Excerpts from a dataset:
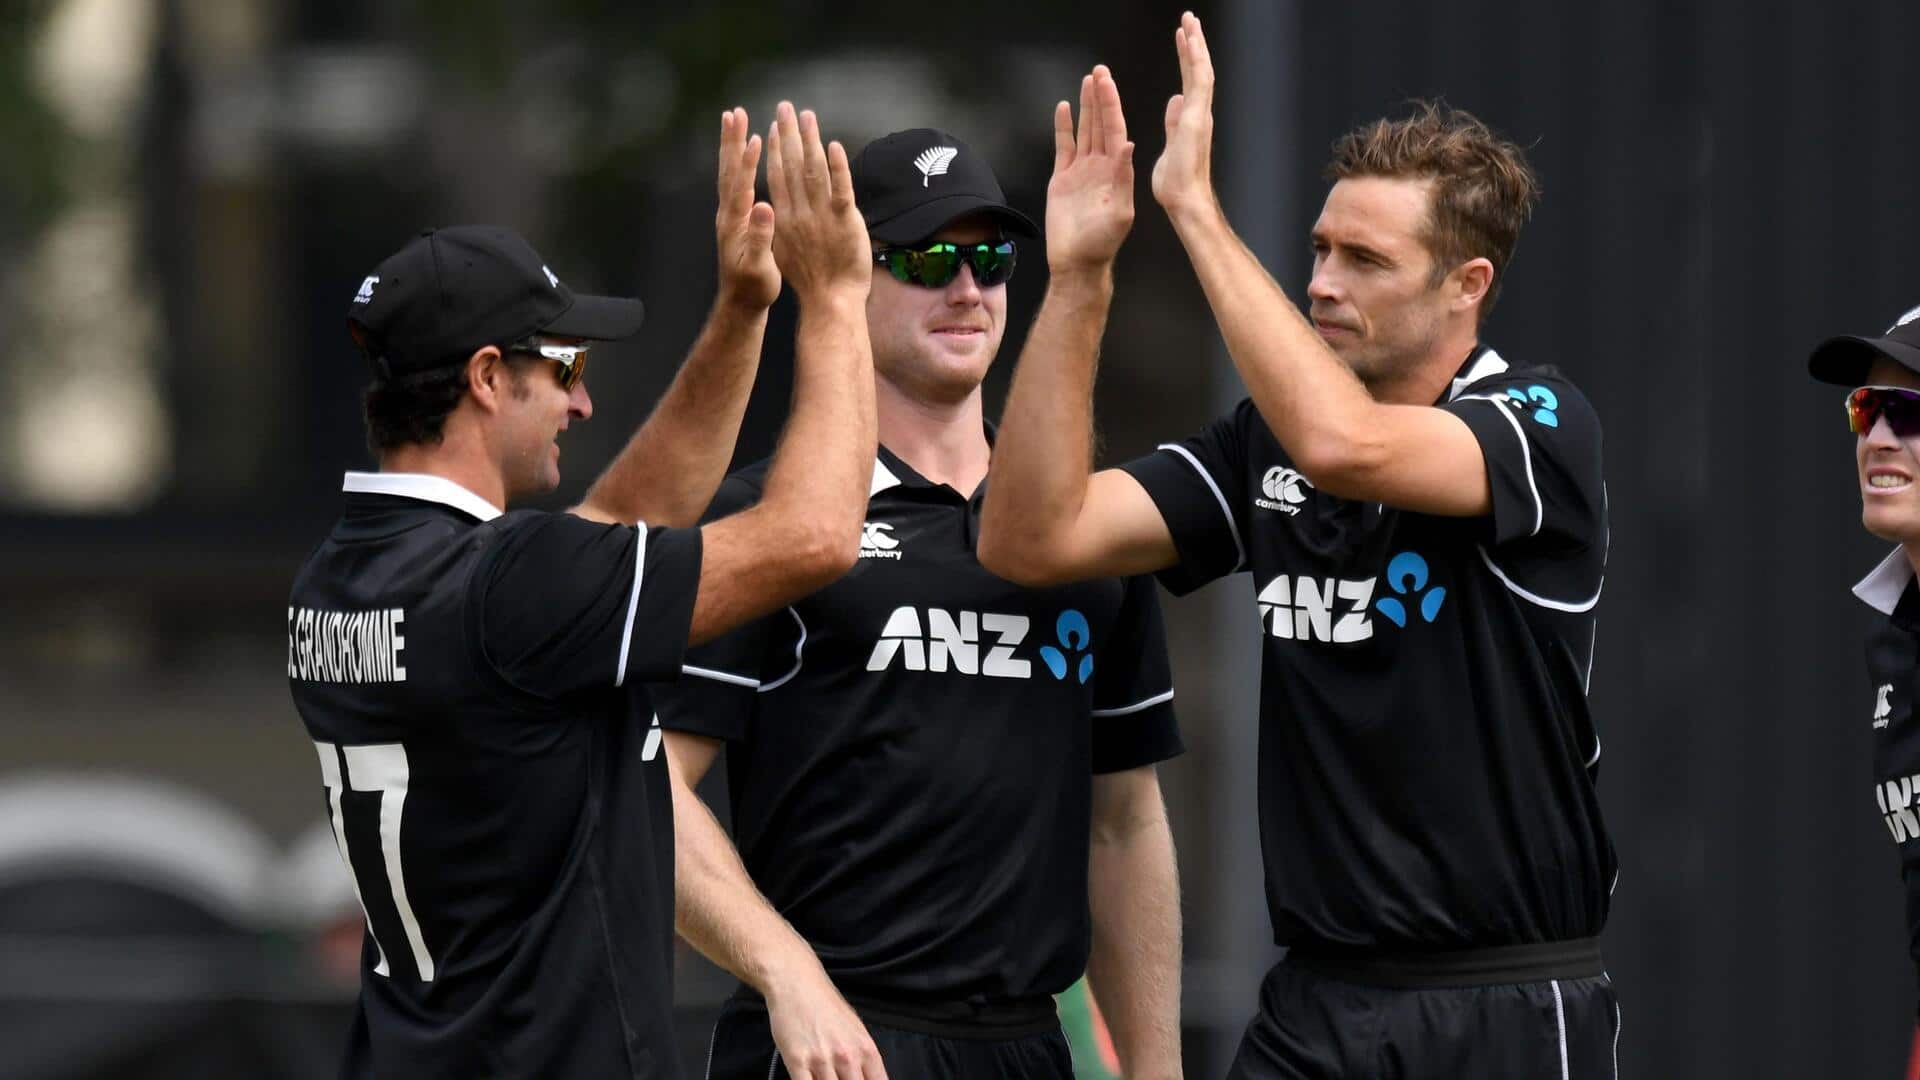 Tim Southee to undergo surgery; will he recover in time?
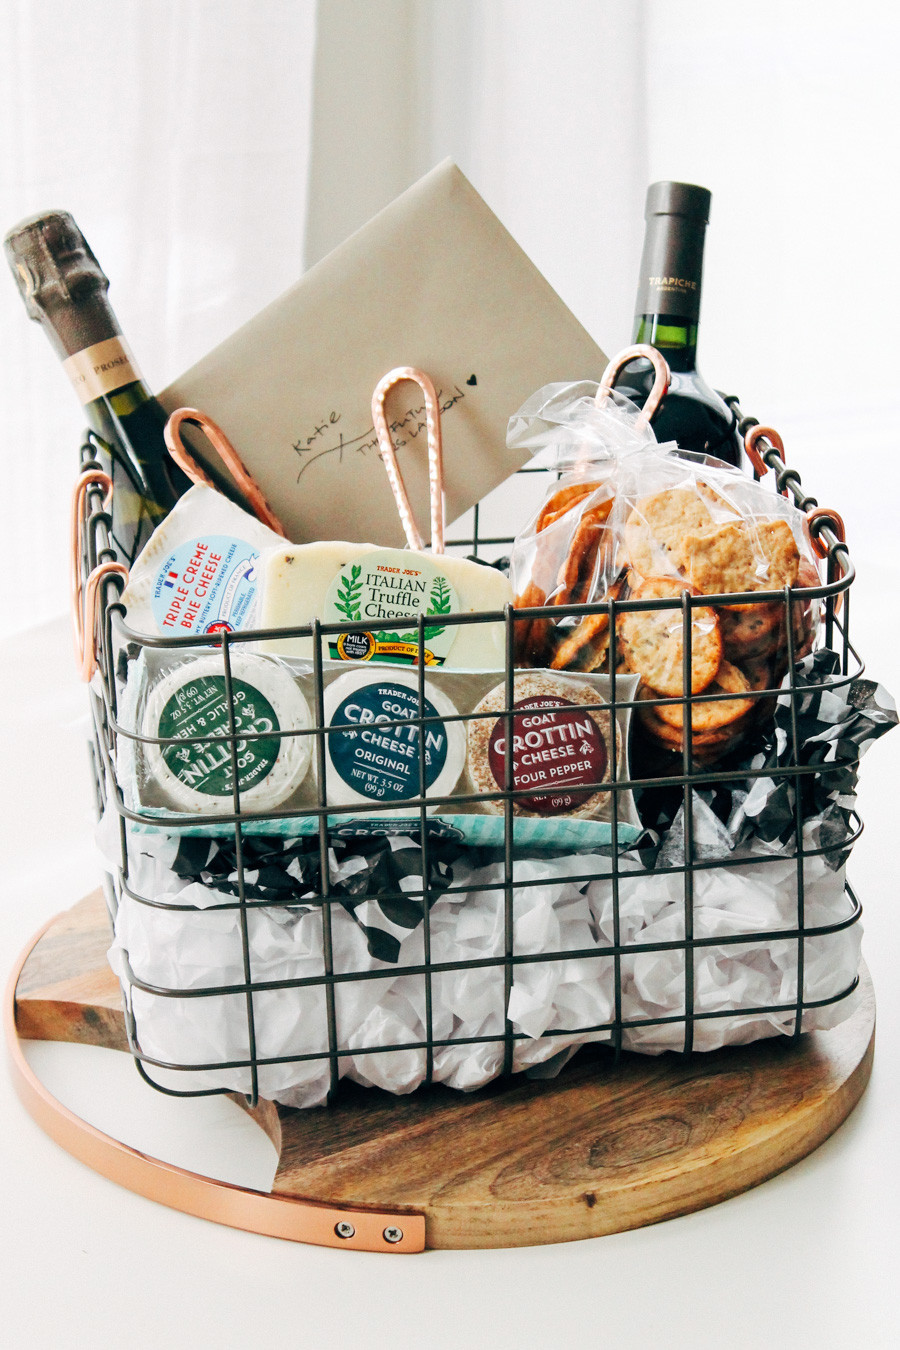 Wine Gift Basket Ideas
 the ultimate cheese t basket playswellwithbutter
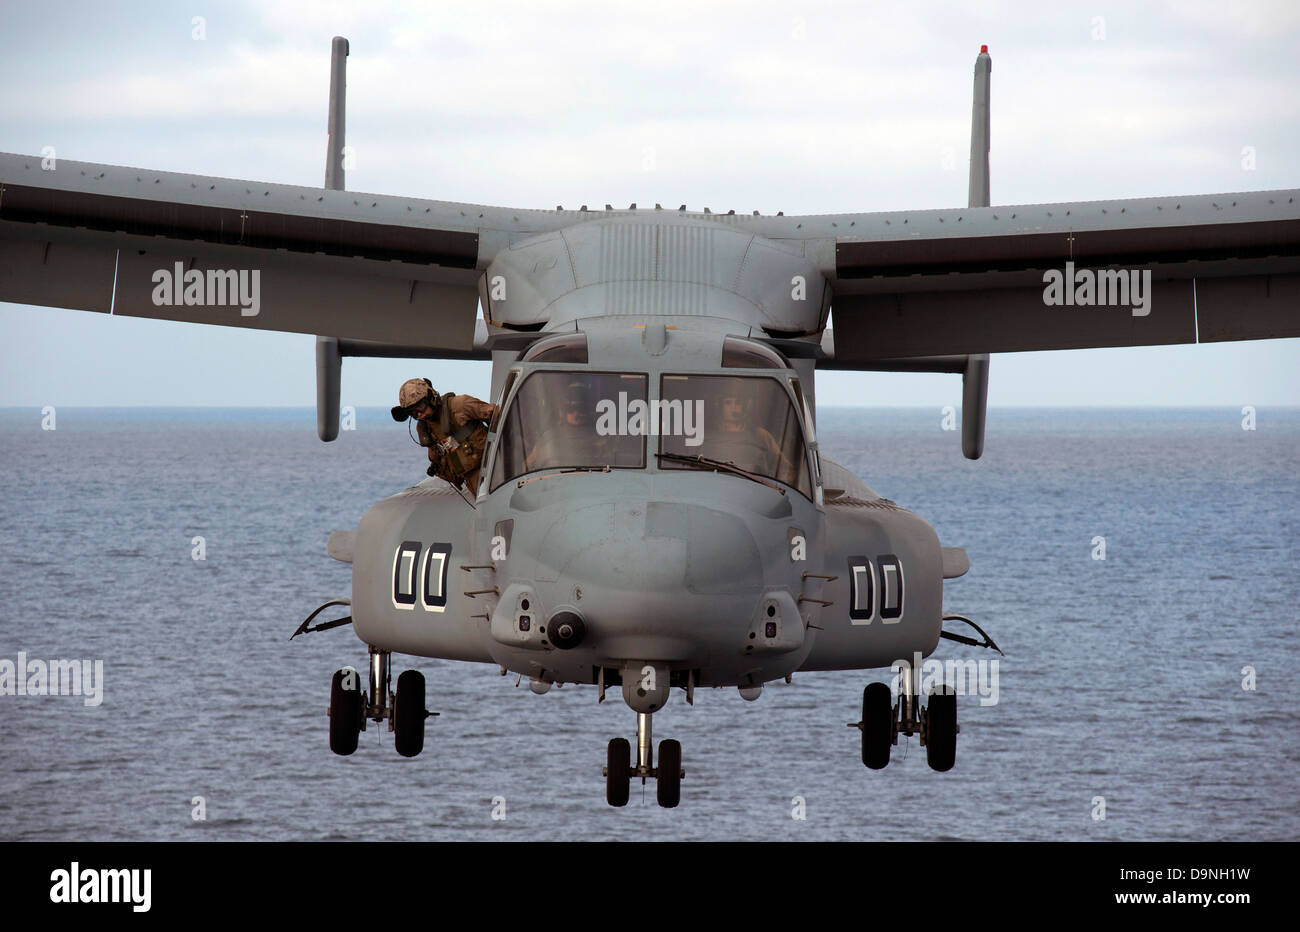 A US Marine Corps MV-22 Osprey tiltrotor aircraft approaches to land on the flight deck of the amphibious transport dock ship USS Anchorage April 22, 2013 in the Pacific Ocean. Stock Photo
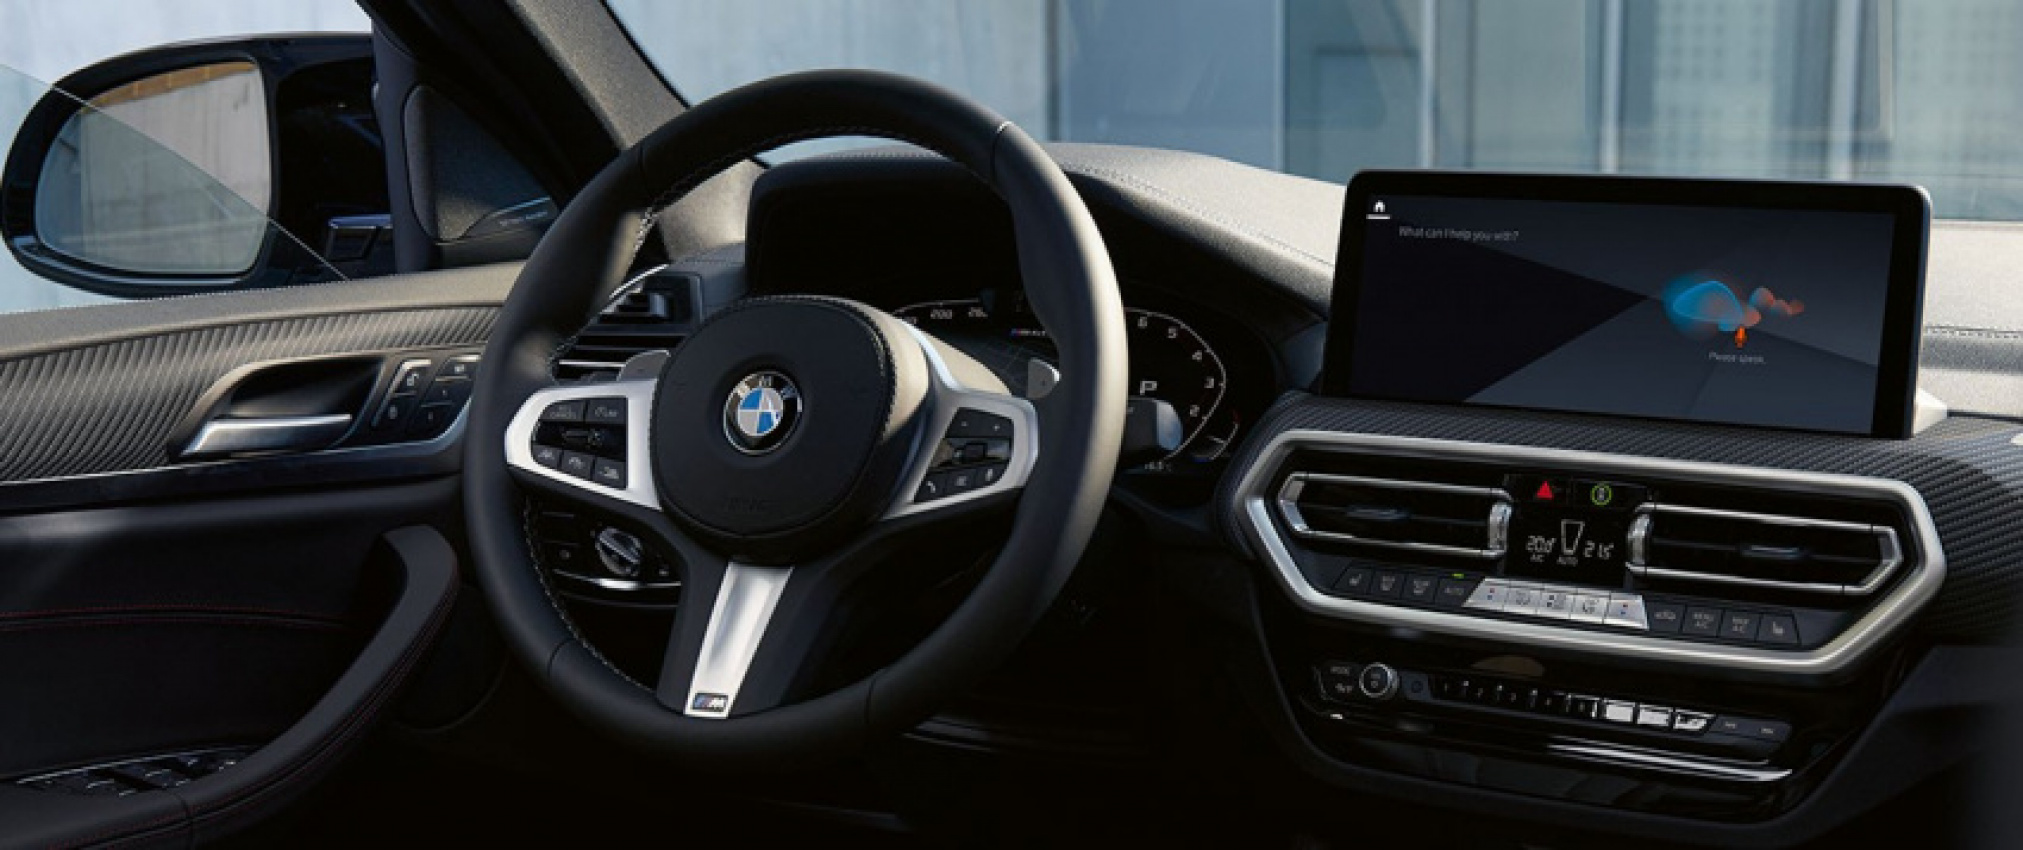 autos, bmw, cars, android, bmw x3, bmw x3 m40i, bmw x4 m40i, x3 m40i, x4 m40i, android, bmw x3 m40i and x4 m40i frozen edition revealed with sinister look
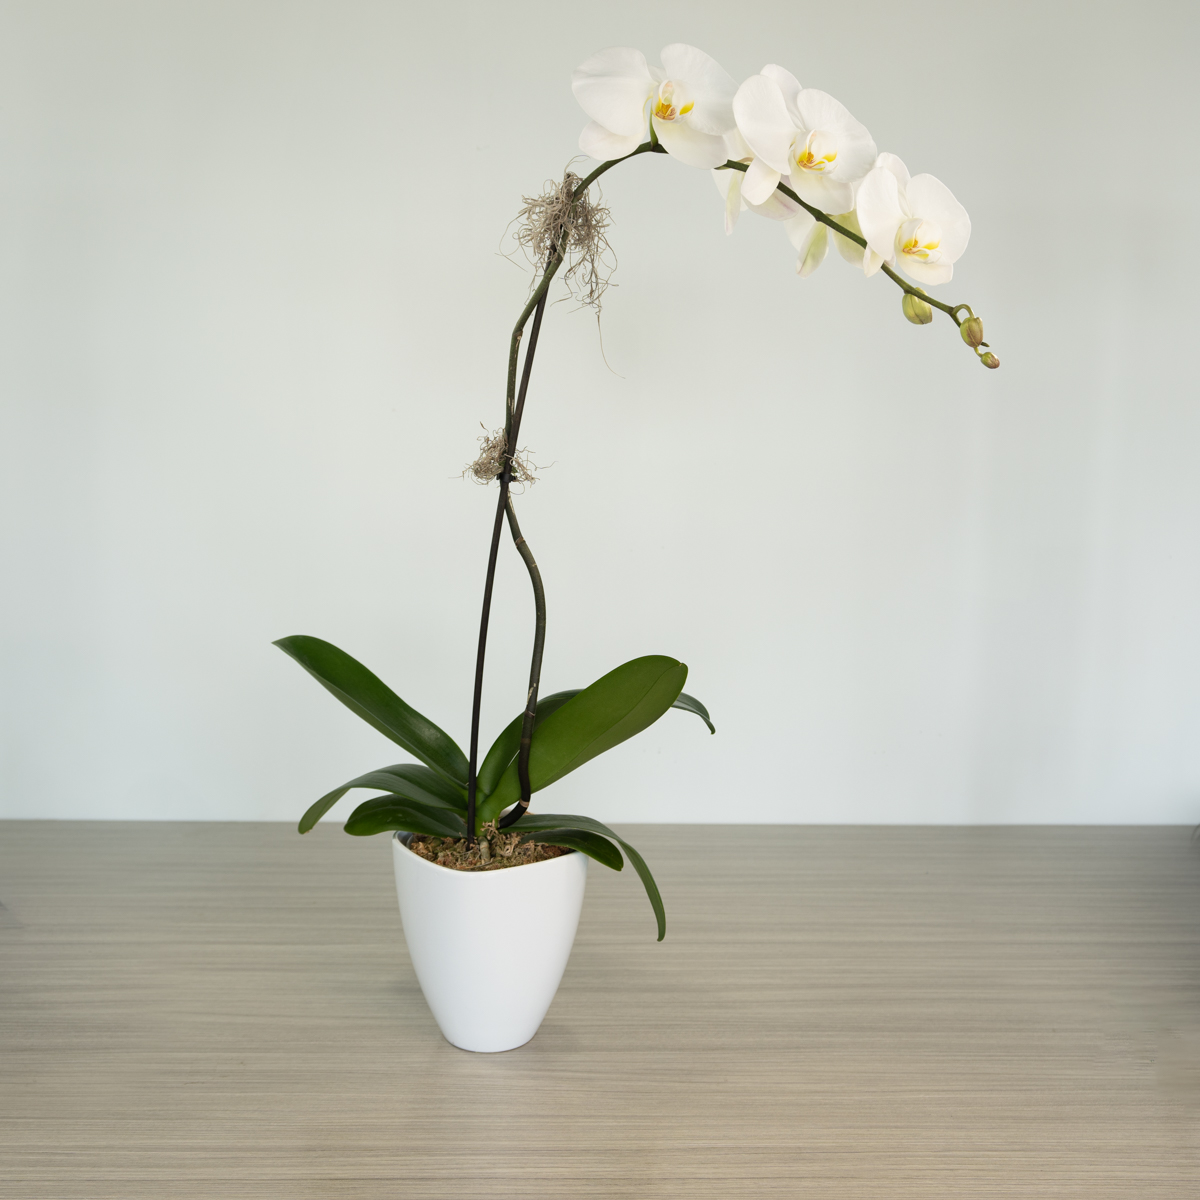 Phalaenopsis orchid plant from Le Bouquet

» **Problem to work on**
Line for line, restate the data above and omit every picture.

» **Your response**
 Tim Southee to undergo surgery; will he recover in time?
 Wine Gift Basket Ideas
 the ultimate cheese t basket playswellwithbutter
 A US Marine Corps MV-22 Osprey tiltrotor aircraft approaches to land on the flight deck of the amphibious transport dock ship USS Anchorage April 22, 2013 in the Pacific Ocean. Stock Photo
 autos, bmw, cars, android, bmw x3, bmw x3 m40i, bmw x4 m40i, x3 m40i, x4 m40i, android, bmw x3 m40i and x4 m40i frozen edition revealed with sinister look
 Phalaenopsis orchid plant from Le Bouquet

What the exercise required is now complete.